Exhibit 5.1

 

 

 

 

 

 

609 Main Street

Houston, TX 77002

United States

 

+1 713 836 3600

 

www.kirkland.com

 

 

Facsimile:
+1 713 836 3601

 

June 11, 2026

 

Amplify Energy Corp.

500 Dallas Street, Suite

1700 Houston, Texas 77002

 

Ladies and Gentlemen:

 

We are issuing this opinion letter in our capacity as special counsel to Amplify Energy Corp., a Delaware corporation (the “Company”), in connection with the preparation of the Registration Statement on Form S-8 (as amended or supplemented, the “Registration Statement”) filed with the Securities and Exchange Commission (the “Commission”) on June 11, 2026 under the Securities Act of 1933, as amended (the “Securities Act”), by the Company. The Registration Statement relates to the registration by the Company of up to an additional 3,100,000 shares of Common Stock of the Company, par value $0.01 per share, issuable under the Amplify Energy Corp. 2024 Amended and Restated Equity Incentive Plan (the “A&R 2024 Plan”), including shares of Common Stock that may again become available for delivery with respect to awards under the A&R 2024 Plan pursuant to the share counting, share recycling and other terms and conditions of the A&R 2024 Plan (the “Additional Shares”).

 

In connection with the registration of the Additional Shares, we have examined originals, or copies certified or otherwise identified to our satisfaction, of such documents, corporate records and other instruments as we have deemed necessary for the purposes of this opinion, including (i) the corporate and organizational documents of the Company, (ii) minutes and records of the corporate proceedings of the Company with respect to the issuance of the Additional Shares pursuant to the A&R 2024 Plan, (iii) the A&R 2024 Plan and (iv) the Registration Statement and the exhibits thereto.

 

For purposes of this opinion, we have assumed the authenticity of all documents submitted to us as originals, the conformity to the originals of all documents submitted to us as copies and the authenticity of the originals of all documents submitted to us as copies.

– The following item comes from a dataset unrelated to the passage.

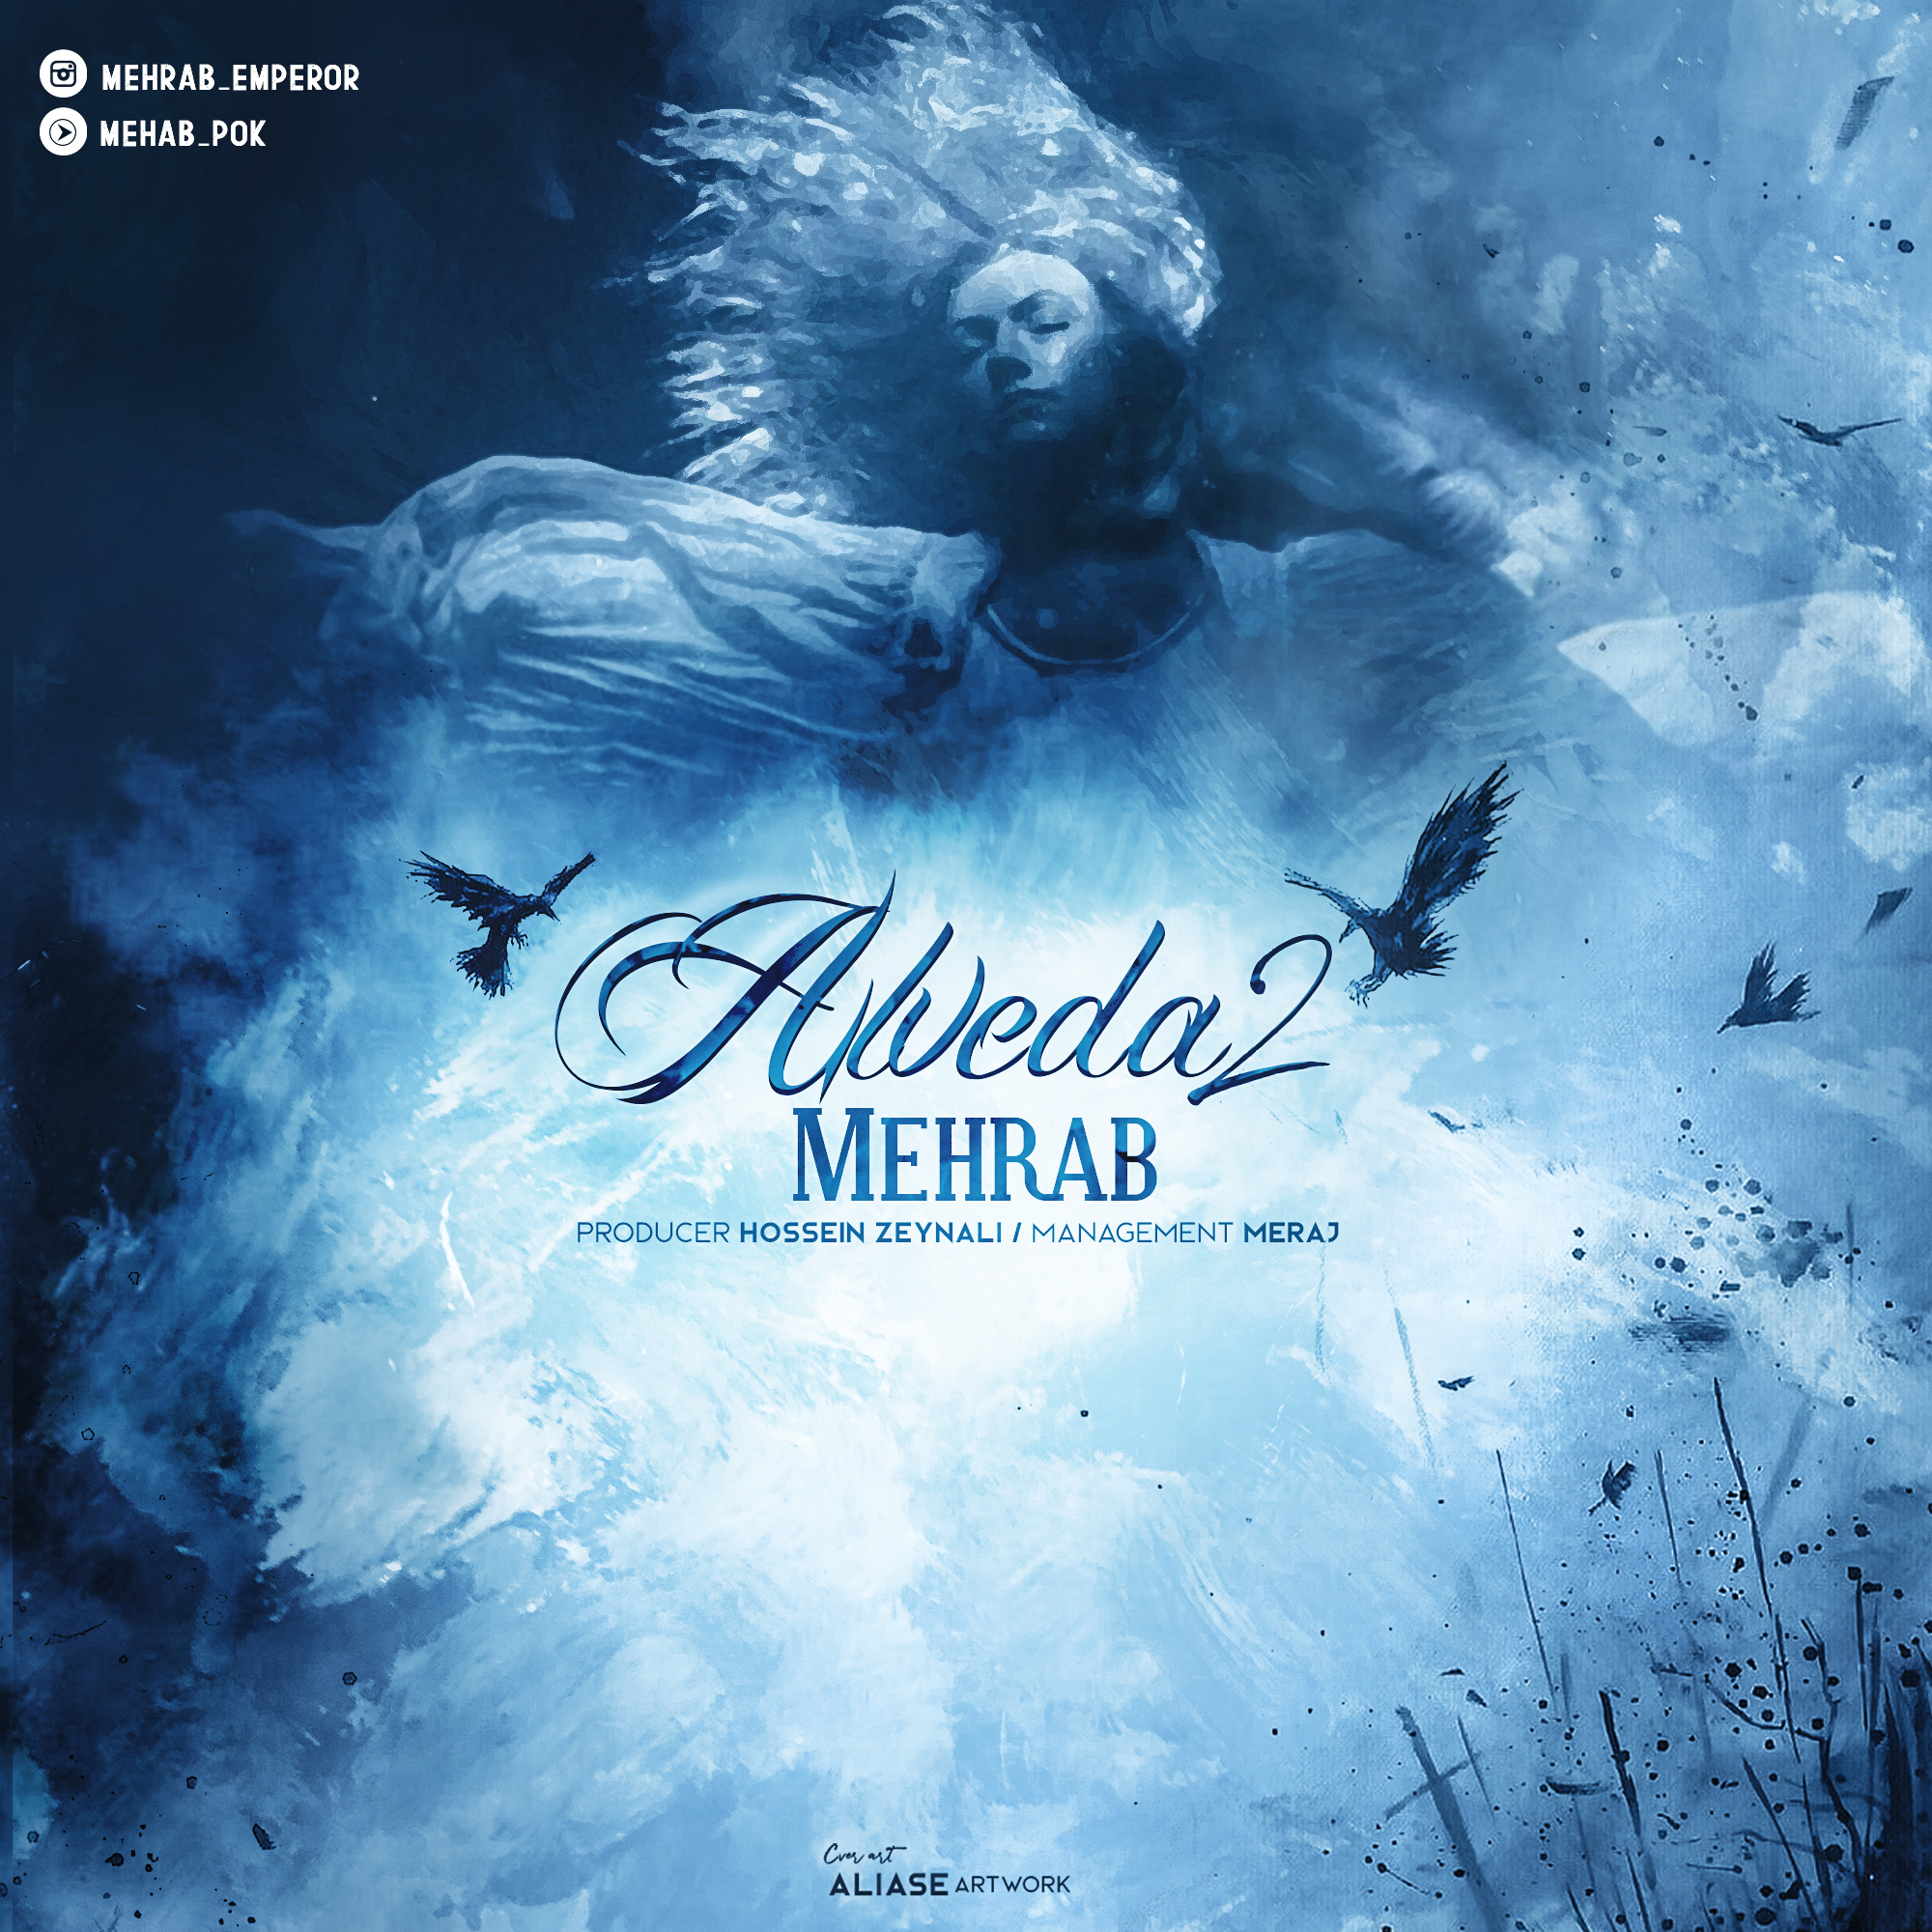  دانلود آهنگ جدید مهراب - الوداع ۲ | Download New Music By Mehrab - Alveda 2

We have also assumed the legal capacity of all natural persons, the genuineness of the signatures of persons signing all documents in connection with which this opinion is rendered, the authority of such persons signing on behalf of the parties thereto other than the Company and the due authorization, execution and delivery of all documents by the parties thereto other than the Company. We have not independently established or verified any facts relevant to the opinions expressed herein, but have relied upon statements and representations of the officers and other representatives of the Company.

 

We have relied without independent investigation upon, among other things, an assurance from the Company that the number of shares which the Company is authorized to issue in the Company’s charter exceeds the number of shares outstanding and the number of shares which the Company is obligated to issue (or had otherwise reserved for issuance) for any purposes other than issuance in connection with the A&R 2024 Plan by at least the number of Additional Shares which may be issued in connection with the A&R 2024 Plan and we have assumed that such condition will remain true at all future times relevant to this opinion.

 

Based upon and subject to the foregoing qualifications, assumptions and limitations and the further limitations set forth below, we are of the opinion that the Additional Shares have been duly authorized and, when issued, delivered and paid for in accordance with the terms of the A&R 2024 Plan, will be validly issued, fully paid and nonassessable.

 

Austin Bay Area Beijing Boston Brussels Chicago Dallas Frankfurt Hong Kong London Los Angeles Miami Munich Nashville New York Paris Philadelphia Riyadh Salt Lake City Shanghai Washington, D.C.

 

 

 

 

 
 

Amplify Energy Corp.

June 11, 2026

Page 2

 

 

Our opinion expressed above is subject to the qualifications that we express no opinion as to the applicability of, compliance with, or effect of any laws except the General Corporation Law of the State of Delaware, including the applicable provisions of the Delaware constitution and reported judicial decisions interpreting these laws.

 

We hereby consent to the filing of this opinion with the Commission as Exhibit 5.1 to the Registration Statement. In giving this consent, we do not thereby admit that we are in the category of persons whose consent is required under Section 7 of the Securities Act or the rules and regulations of the Commission.

 

We do not find it necessary for the purposes of this opinion, and accordingly we do not purport to cover herein, the application of the securities or “Blue Sky” laws of the various states to the sale of the Additional Shares.

 

This opinion is limited to the specific issues addressed herein, and no opinion may be inferred or implied beyond that expressly stated herein. This opinion speaks only as of the date hereof and we assume no obligation to revise or supplement this opinion after the date of effectiveness should the General Corporation Law of the State of Delaware be changed by legislative action, judicial decision or otherwise after the date hereof.

 

This opinion is furnished to you in connection with the filing of the Registration Statement in accordance with the requirements of Item 601(b)(5) of Regulation S-K under the Securities Act, and is not to be used, circulated, quoted or otherwise relied upon for any other purpose.